31. The Helio Courier

I have attached picture that my son took at the Peachtree City air show this past week end.

In one of my earlier stories, “Hanscom Field”, I think, I mentioned meeting Lynn Bolinger and the MIT professor that designed the Helio Courier, well I think they were brilliant because it is a fantastic airplane. They achieved the highest stall speed to cruise speed ratio ever for utility aircraft and it has only been exceeded by Mach two plus aircraft that can land on a carrier deck.

I flew it every chance I got and tried my best to become a really good Courier pilot. It was easy to fly as long as you had power. Landings with power were pretty simple, just get it in the landing configuration and get it near the ground and decrease the power till you touched down, usually way below 40 MPH, yes cross winds were a problem, but if the crosswind was strong you just turned into the wind before touch down and landed across the runway. It did not require much, you could take off or land across most modern runways, Bangkok had a north/south and an east/west runway, as did Vientiane, Laos, where we went fairly frequently. Both towers would usually instruct us non air liner types to the non active runway so the practice of landing across the runway became pretty normal.

The Courier being a single engine aircraft and me being skeptical of all things mechanical, they just may not do what they are supposed to do. I started experimenting with what I would do if I had an engine failure. Wow, with flaps extended and spoilers out the glide approached 20 degrees nose down and the three point landing attitude was about 15 degrees nose up, that is 30+ degrees of angular change during round out for a power off landing, doing it with the minuscule amount of excess energy and it all happening in a few short seconds really became a challenge. Yeah, I survived and so did the airplane. The other pilots that flew the Courier had a lot more trust in the engine than I did and they thought I was silly practicing such things, one told me that since the Courier stalls at such a slow speed, if the engine quits just glide at minimum speed and let it hit. ” at that speed you will probably not get hurt too badly”. He was probably right but I had a mind set of “it could happen, so be prepared”.

It turned out that if you did not use full flaps and glided power off at the speed that would just barely keep the slats closed, the glide angle was not so steep and there was a bit more energy to use in the round out and touch down, I felt a little more in control, of course the slats
deployed with a bang and the airplane quit flying very quickly so during round out if you were not very near the earth, you know the routine 32ft per second squared down, so the nearer the earth the less jarring the landing. I only managed a few really smooth power off landings in the
Courier. Google has so much info on the Courier I will defer to the many expert sources there for the attributes.

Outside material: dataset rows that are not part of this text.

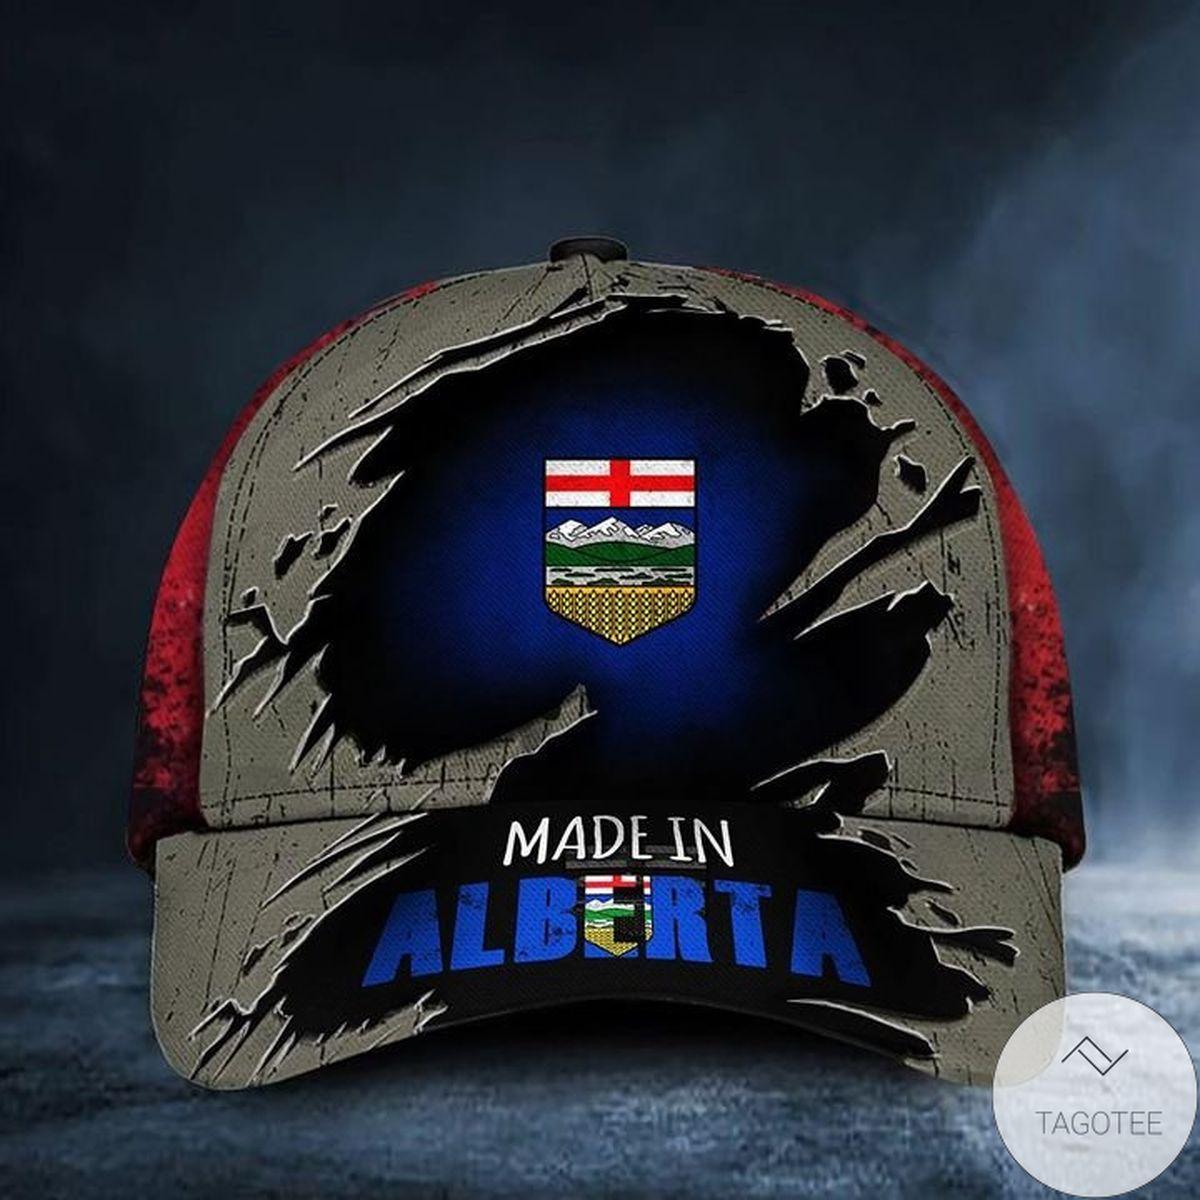 Made In Alberta Canada Flag Hat Old Retro Patriotic Proud From Alberta Province Man Cap
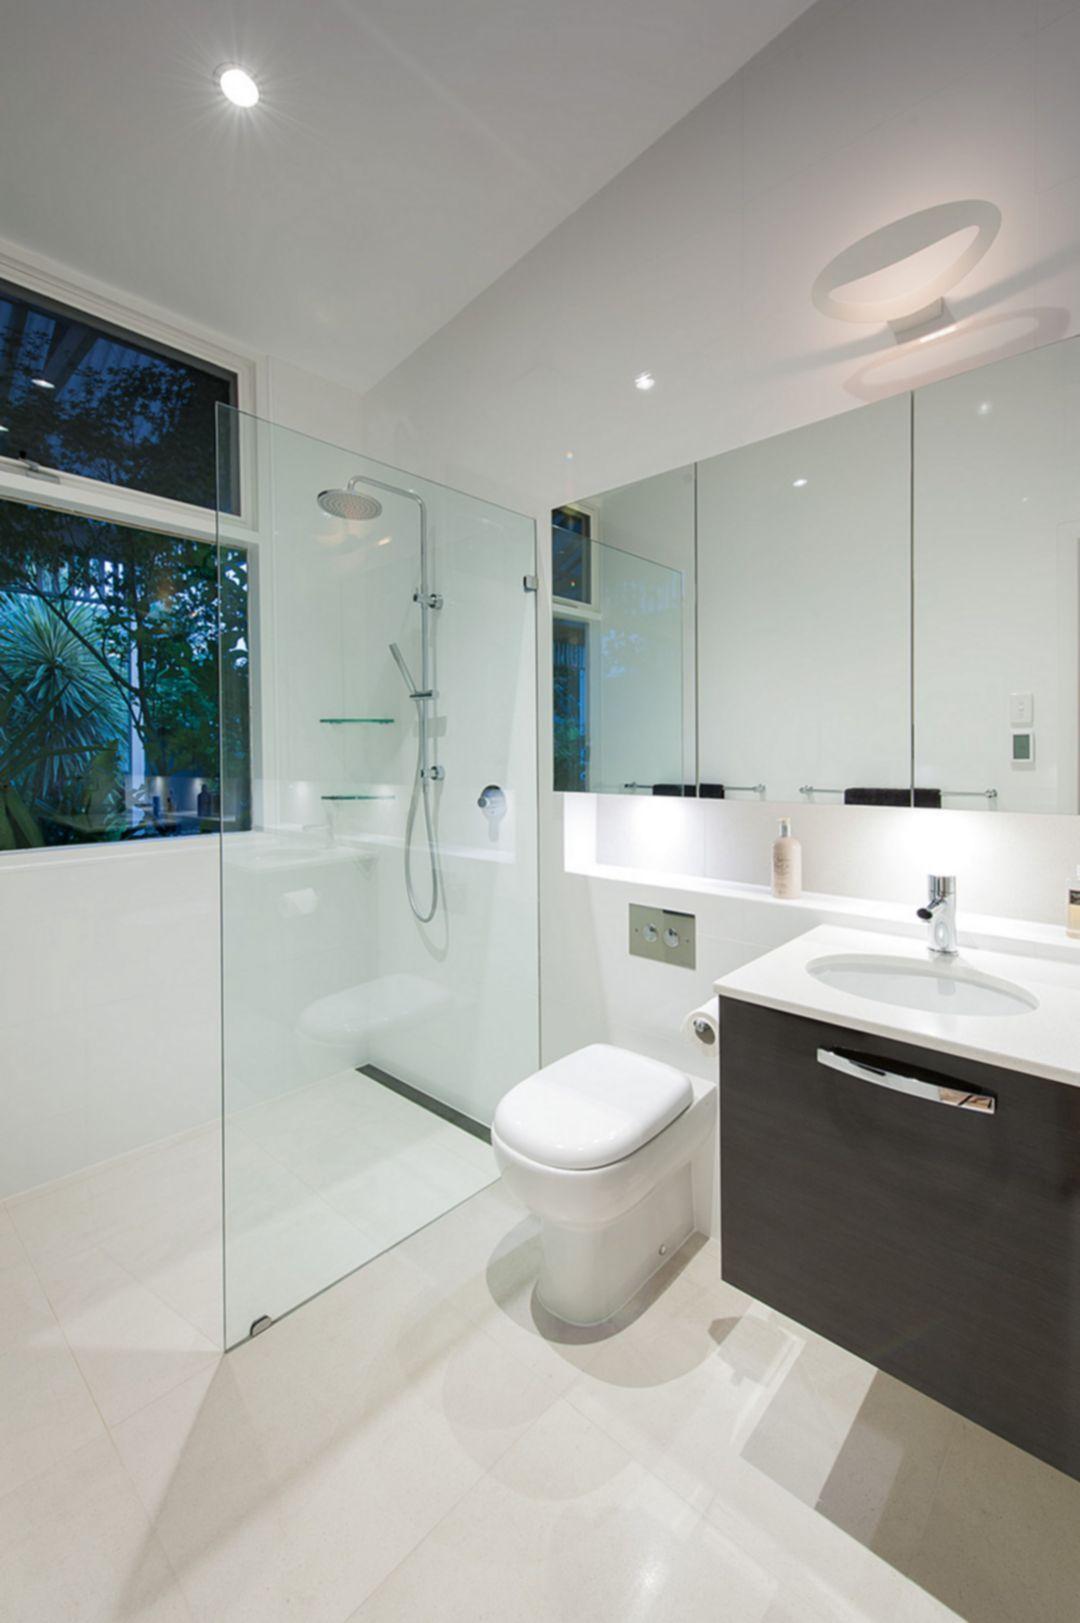 Fabulous 10 Amazing Minimalist Bathroom Ideas You
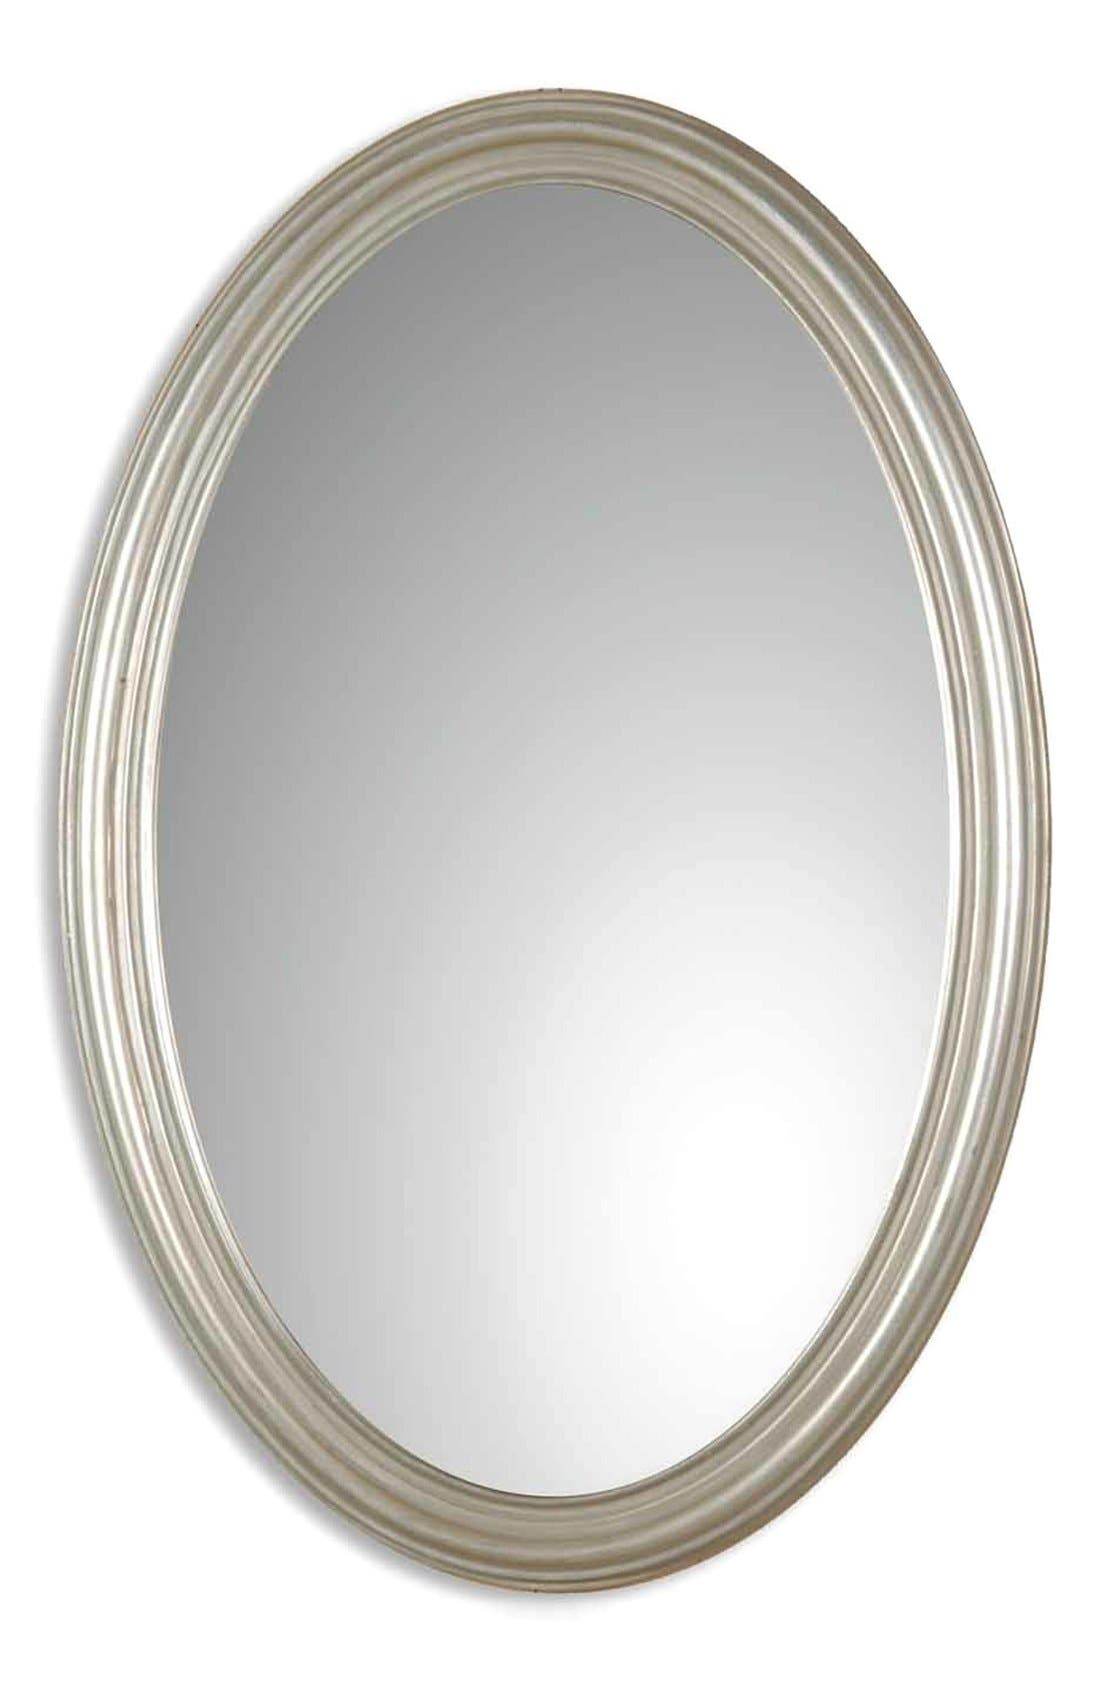 'Franklin' Wall Mirror,                             Main thumbnail 1, color,                             Silver

Did the Courier have any faults? Absolutely, it was a high maintenance airplane, it had flaps, slats, spoilers, and ailerons on the wings, now add the control system for each of them and the complexity and cost of manufacture and maintenance goes up. A Courier cost about as much as a DeHaveland Beaver, most of them had a geared Lycoming 295 HP engines which made metal in the screens twice during the six months that I flew it regularly. So it was a high maintenance engine, that ran up the cost of ownership, so only governments and organizations where some one else is paying the bills could afford to operate them. I did ride in/fly an early Courier that had a direct drive engine, a two bladed prop, and an augmenter tube exaust system, where the engine cooling air was pumped out of the engine compartment by the jet pump action of the augmenter tube. It was a smoother and quieter airplane to fly but the augmenter tube required repacking with fibre glass at regular
intervals, so even though it was some what simpler it was still a maintenance hog.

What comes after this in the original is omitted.